The park features two long beaches, Waitpinga and Parsons, which are used by surfers and fishers, but are not suitable for swimming due to strong rips and hidden gutters. The park also features several walking trails, including part of the Heysen Trail.

==Camping==
The Waitpinga campground is the only campground available in the park. It is situated 750 metres inland from Waitpinga Beach, sheltered from the sea breeze by large sand dunes (the Aboriginal meaning of Waitpinga is "Windy Place"). The campground features reasonably private individual sites surrounded by native vegetation including pink gums and wattle. Facilities include limited tank water, toilets, picnic areas and a communal barbecue area (including gas barbecues). Wood fires are not permitted at any time; gas or fuel stoves may be used. Camping fees apply.

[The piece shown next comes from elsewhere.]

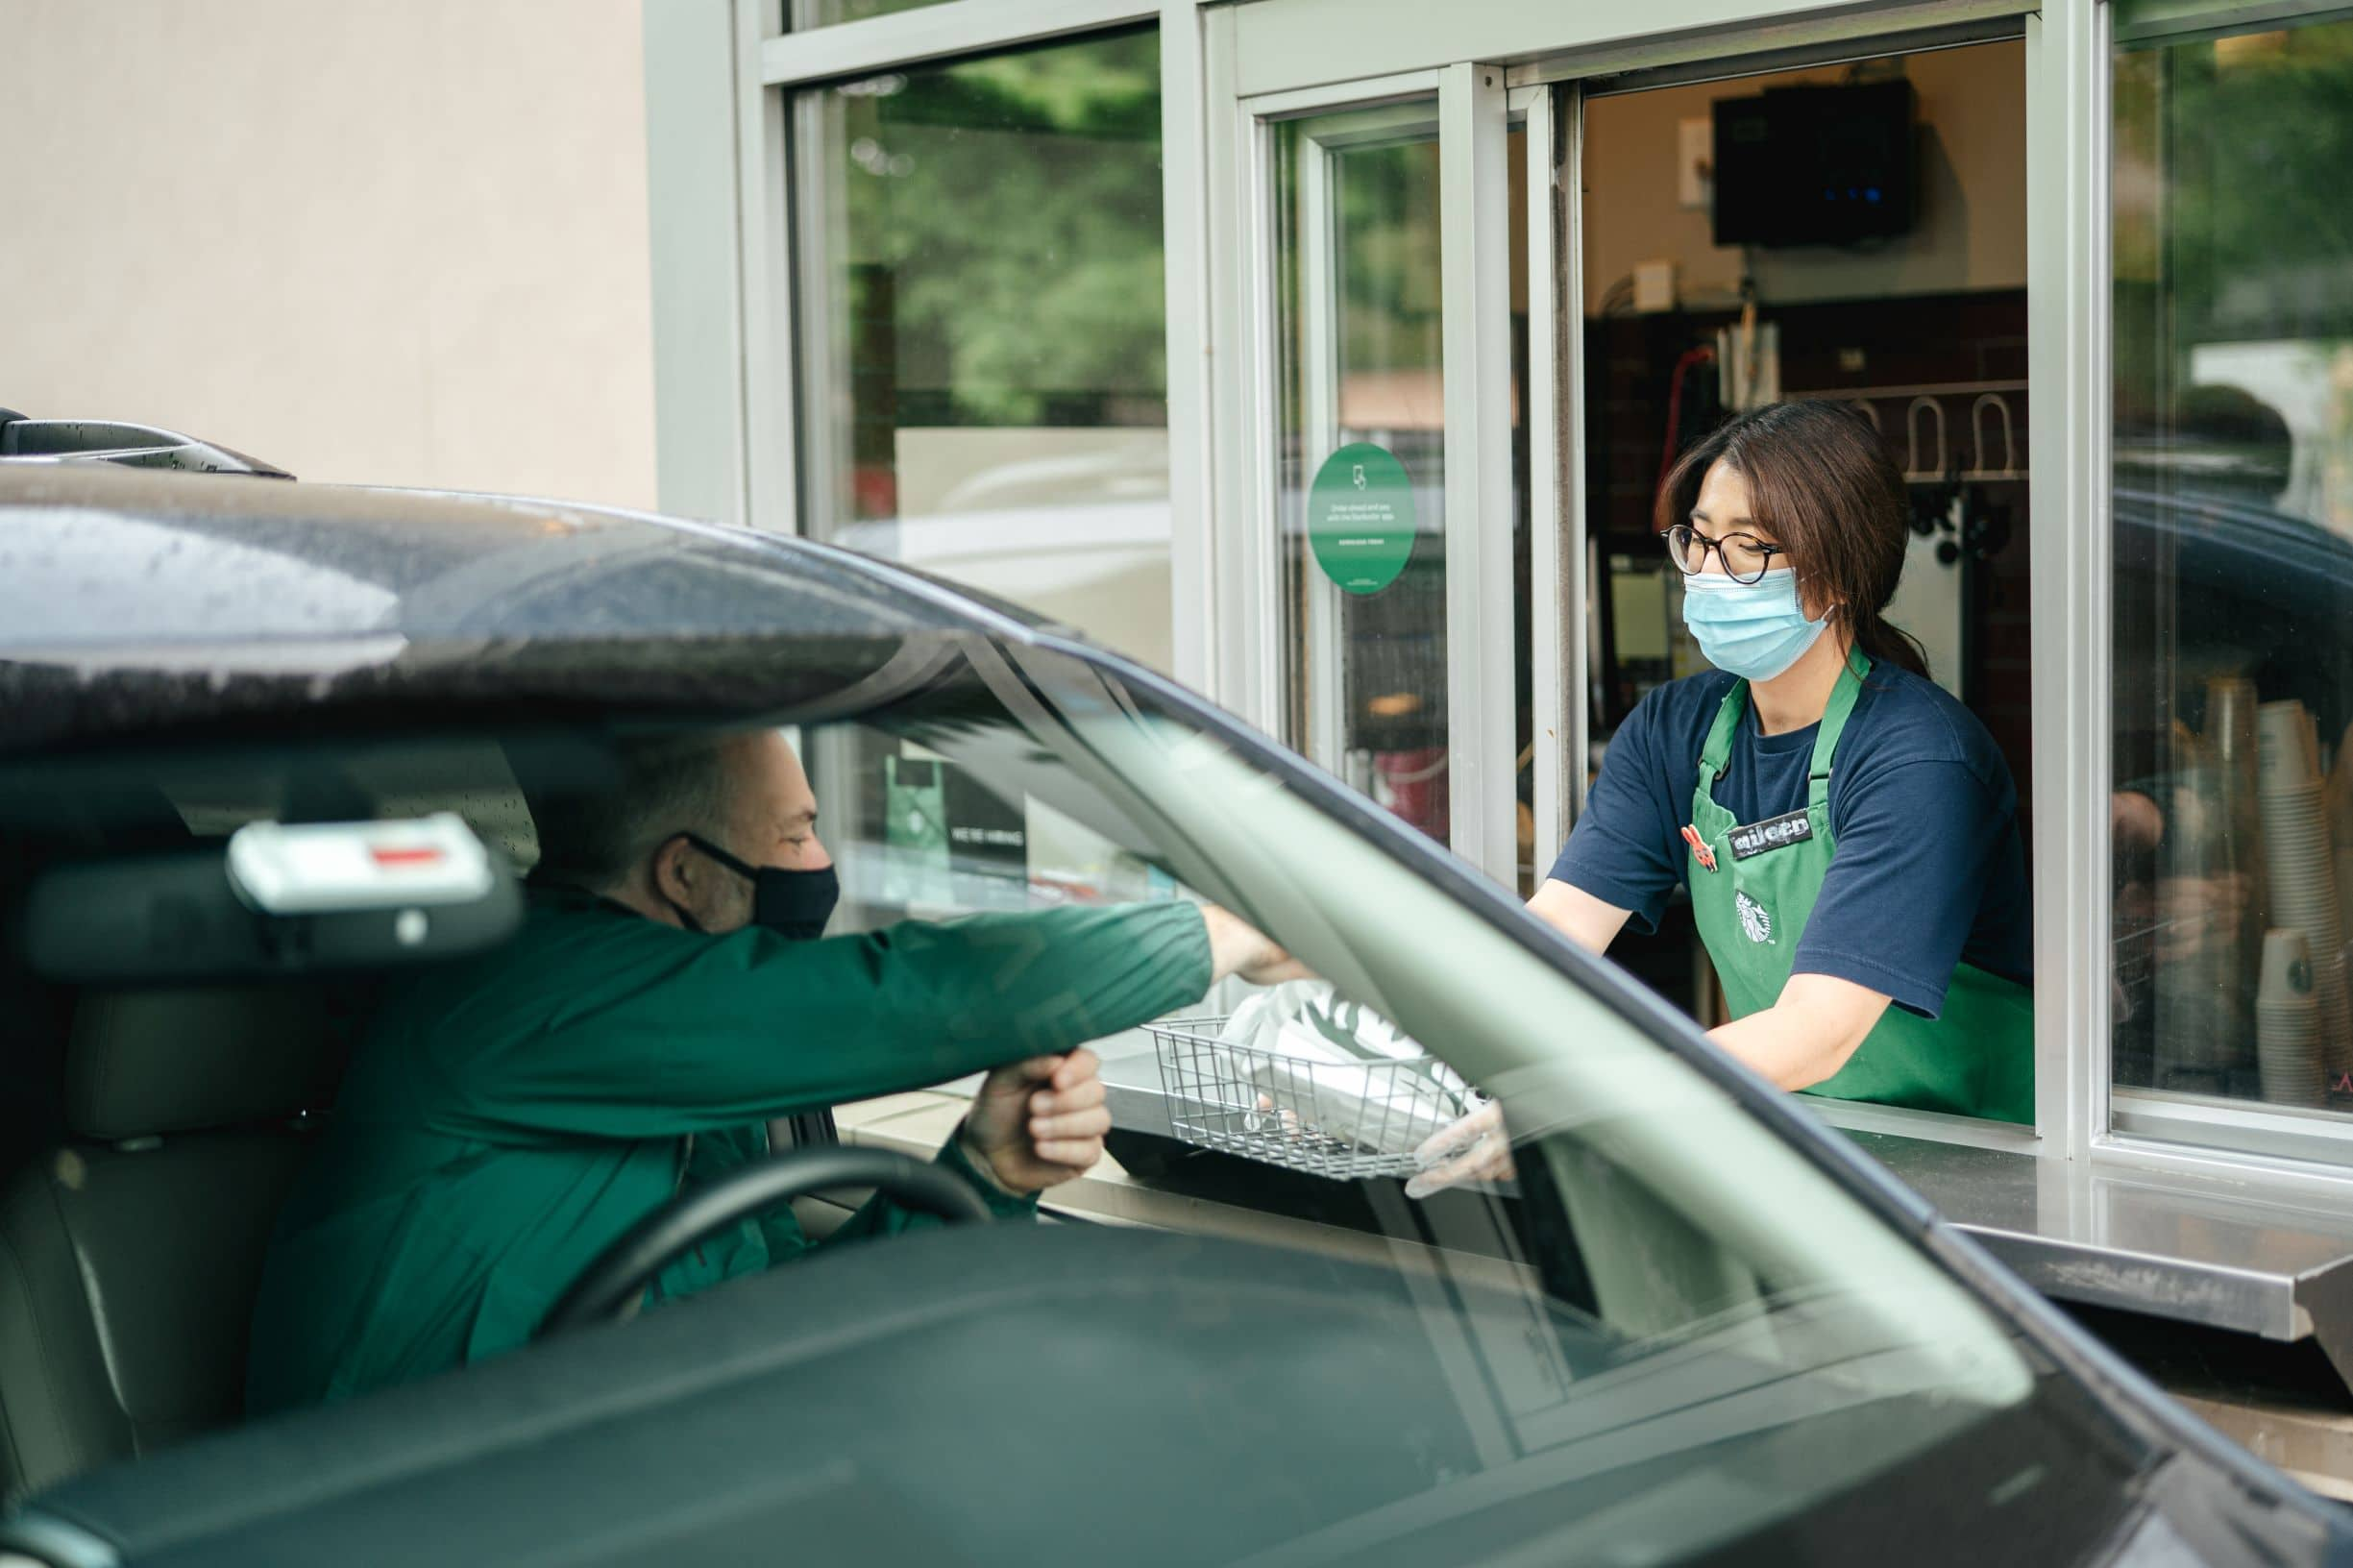 Starbucks drive-thru facemasks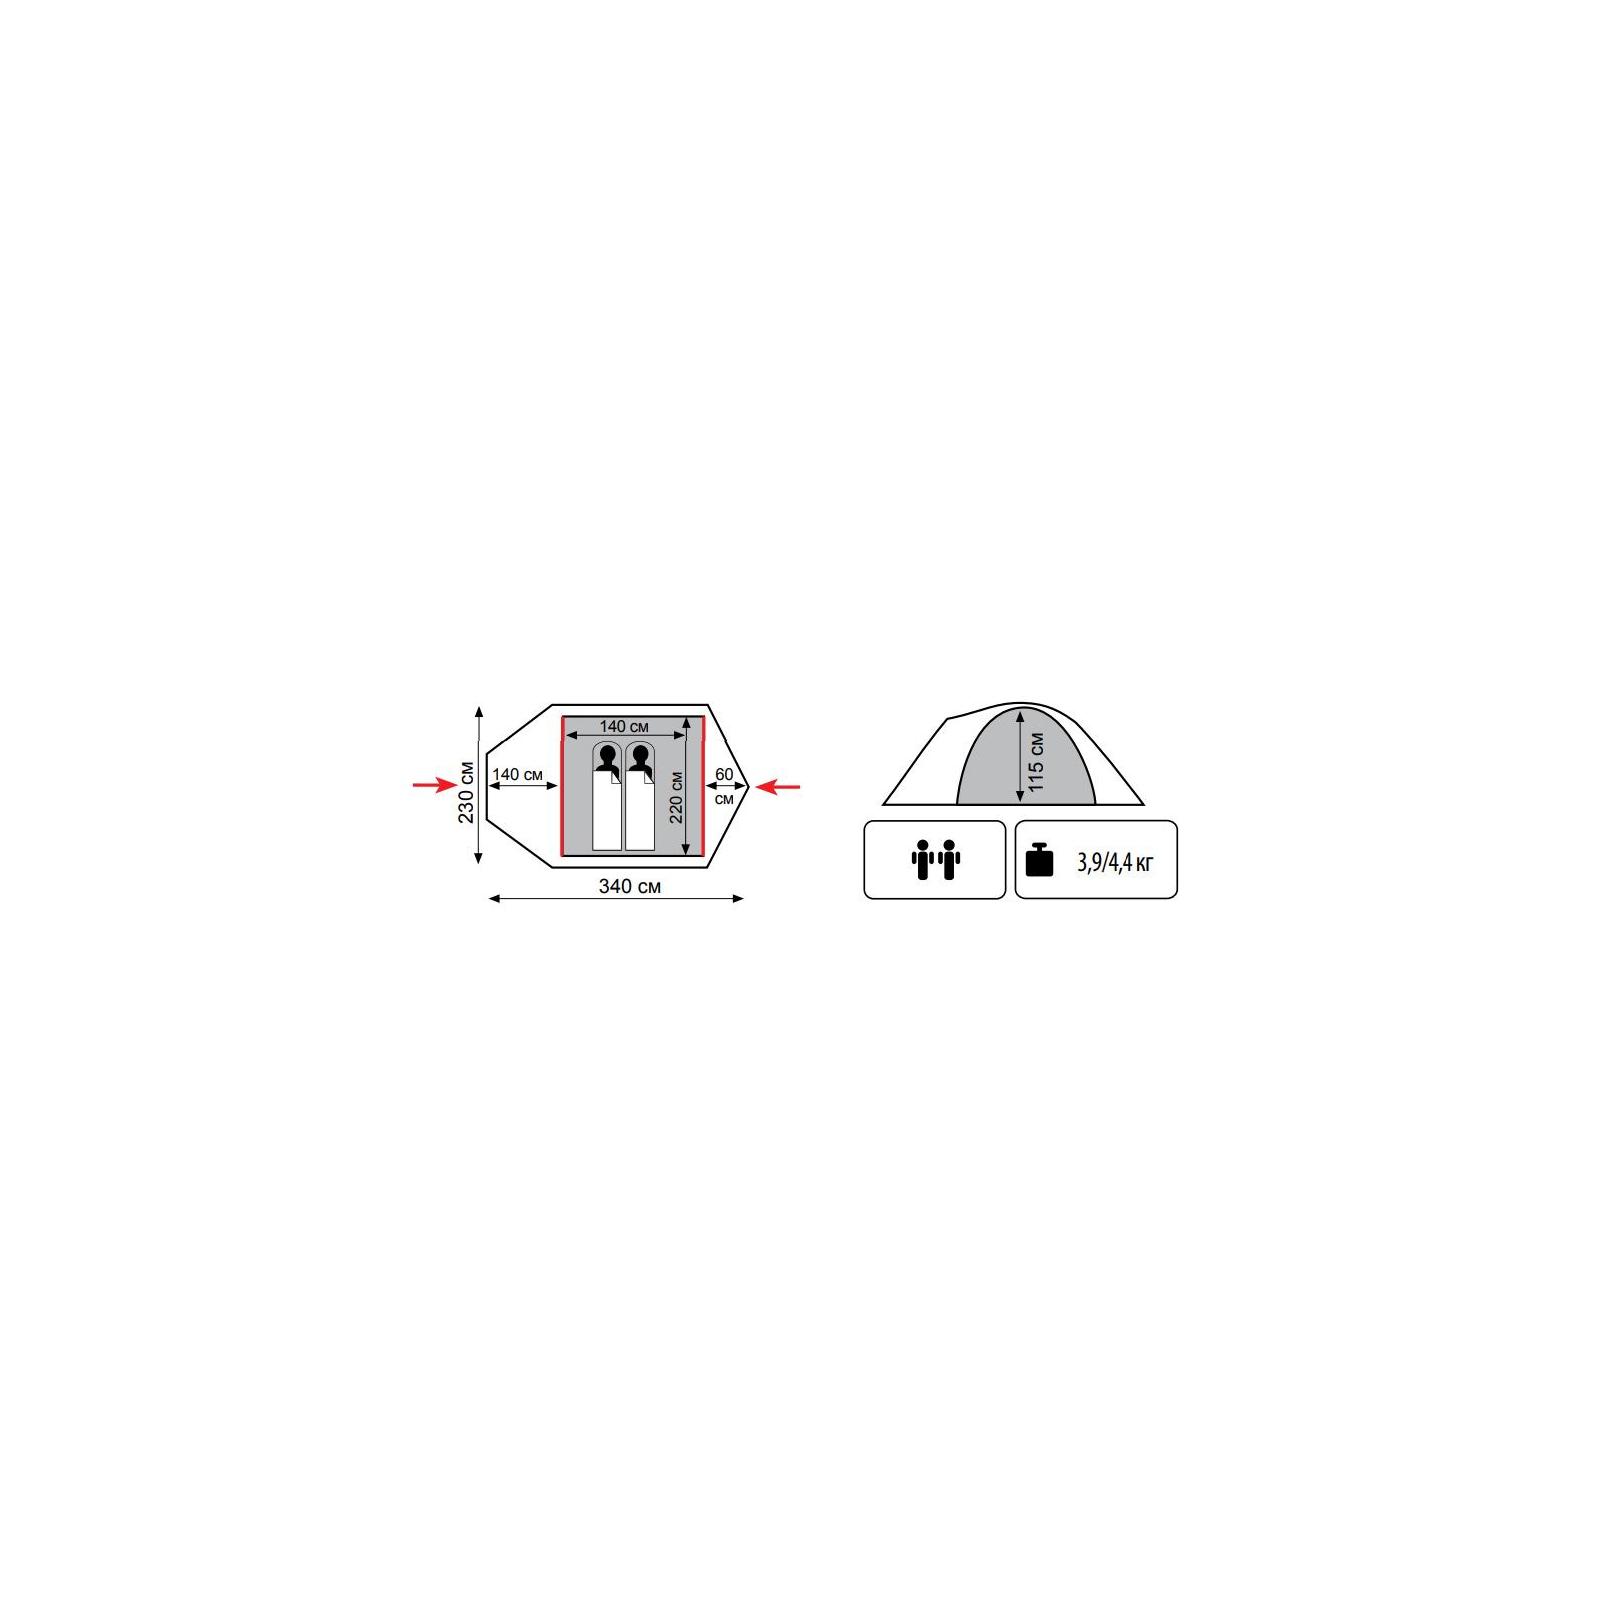 Палатка Tramp Colibri Plus v2 (TRT-035) изображение 2

A walking trail that traverses the sand dunes, and affords views of the Southern Ocean coastline, connects the campground and the beach. Other walking trails begin at the eastern end of the campground.

==Walking trails==
Several walking trails start from the eastern end of the Waitpinga campground. The following information is based on the Parks SA information sign displayed at the trail head:
- Ridgeway Hill Loop Hike. Flat trail crossing open mallee then through dense flowering understorey. A variety of birds can be seen in spring. Distance: 6.25 km return.
- Coastal Cliffs Loop Hike. Flat trail to the cliffs of Newland Head. Affords views of the Newland Head cliffs, the Southern Ocean and Kangaroo Island. Distance: 7.5 km return.
- Campground to Beach Hike. Distance: 750m.
- Heysen Trail. Distance: 12.25 km (within the park).

A lookout is located atop a large water tank 500 metres along the walking trail, east of the campground.